On the Global Convergence of Randomized Coordinate Gradient Descent for Non-Convex Optimization

Ziang Chen, Yingzhou Li, Jianfeng Lu

correcthigh confidence

Category: Not specified
Journal tier: Strong Field
Processed: Sep 28, 2025, 12:55 AM
arXiv Links: Abstract ↗PDF ↗

Audit review

The paper proves the main claim rigorously: under Assumptions 1–3 and 0 < α_min < α_max < 1/M, randomized coordinate gradient descent almost surely avoids strict saddles, via a careful finite-block amplification near strict saddles, a positive Lyapunov exponent for the linearized cocycle (Proposition 3.1), and a law-of-large-numbers–style argument (Theorems 4.4 and 4.9 leading to Theorem 1) . The model’s solution, while thematically aligned (RDS viewpoint, Oseledets splitting, nontrivial unstable projection), misapplies off-the-shelf random stable manifold theorems in a setting the paper explicitly cautions against without additional quantitative control , and crucially asserts that x_t (or a linear functional of it) is an affine function of a past step size α_s.

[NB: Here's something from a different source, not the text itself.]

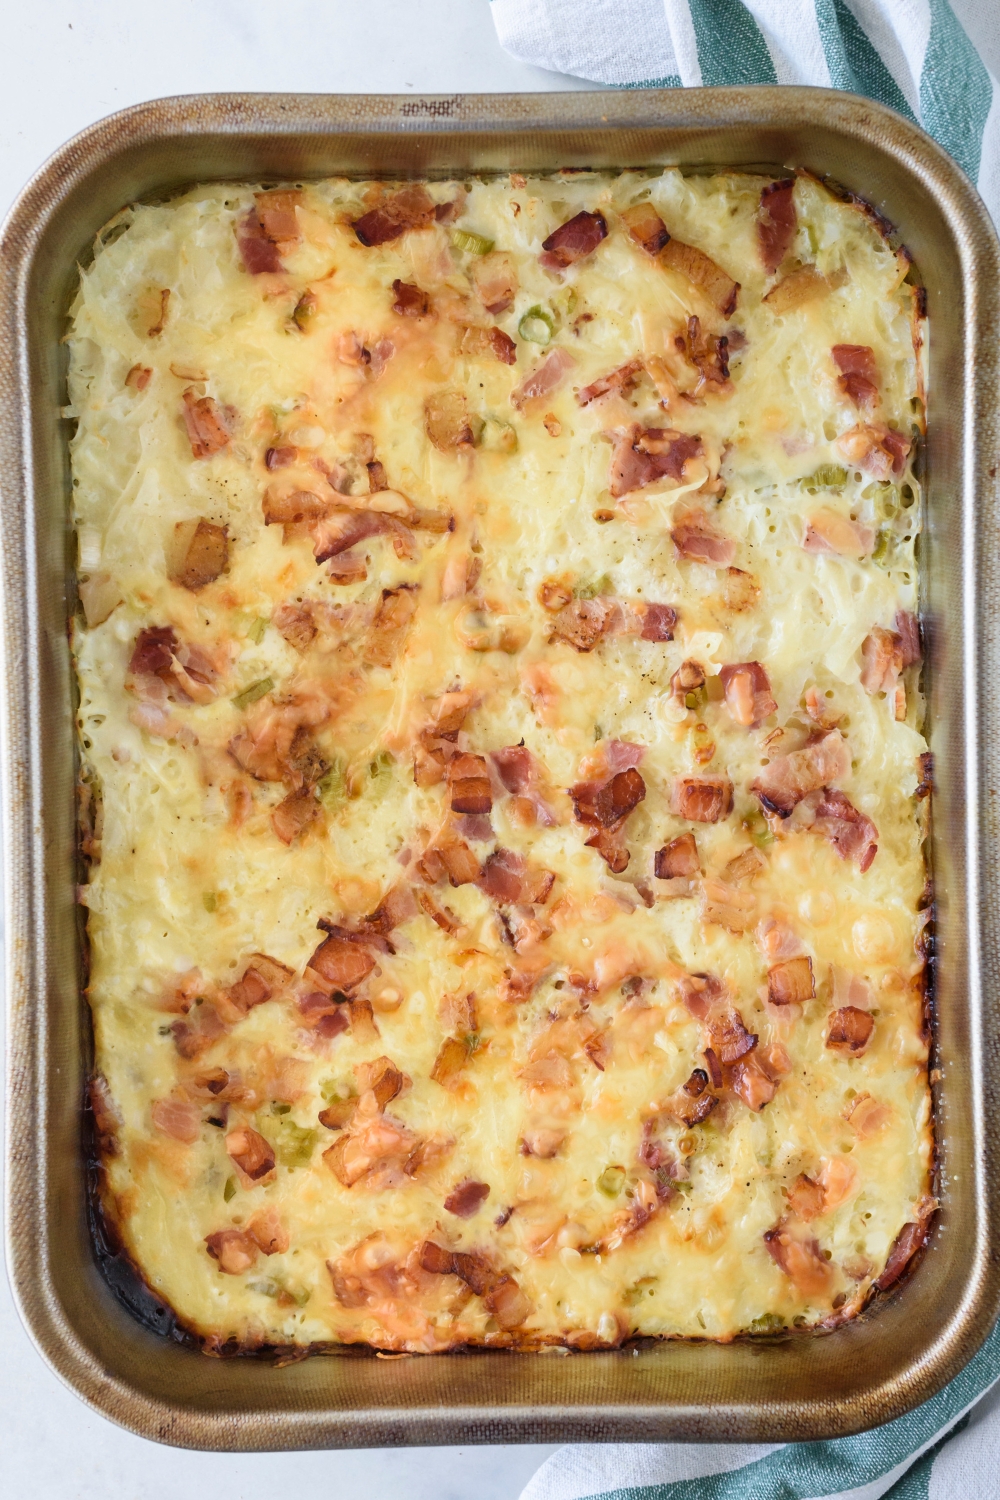 A casserole dish with baked farmers casserole.

That “affine-in-α_s” claim is incorrect for nonlinear f: the dependence of later iterates on α_s is nonlinear via ∇f(x_k). The paper avoids this pitfall by deriving finite-time, high-probability amplification bounds instead of relying on such an affine argument.

Referee report (LaTeX)

\textbf{Recommendation:} minor revisions

\textbf{Journal Tier:} strong field

\textbf{Justification:}

The paper provides a careful, technically solid analysis of randomized coordinate gradient descent via a random dynamical systems lens. It avoids overreliance on abstract manifold theory, instead establishing finite-time amplification estimates that combine with a LLN-style argument to yield almost sure escape from strict saddles. The results broaden our understanding of nonconvex behavior of randomized coordinate methods and are presented clearly, though some assumptions and constants could be highlighted and a few typographical details improved.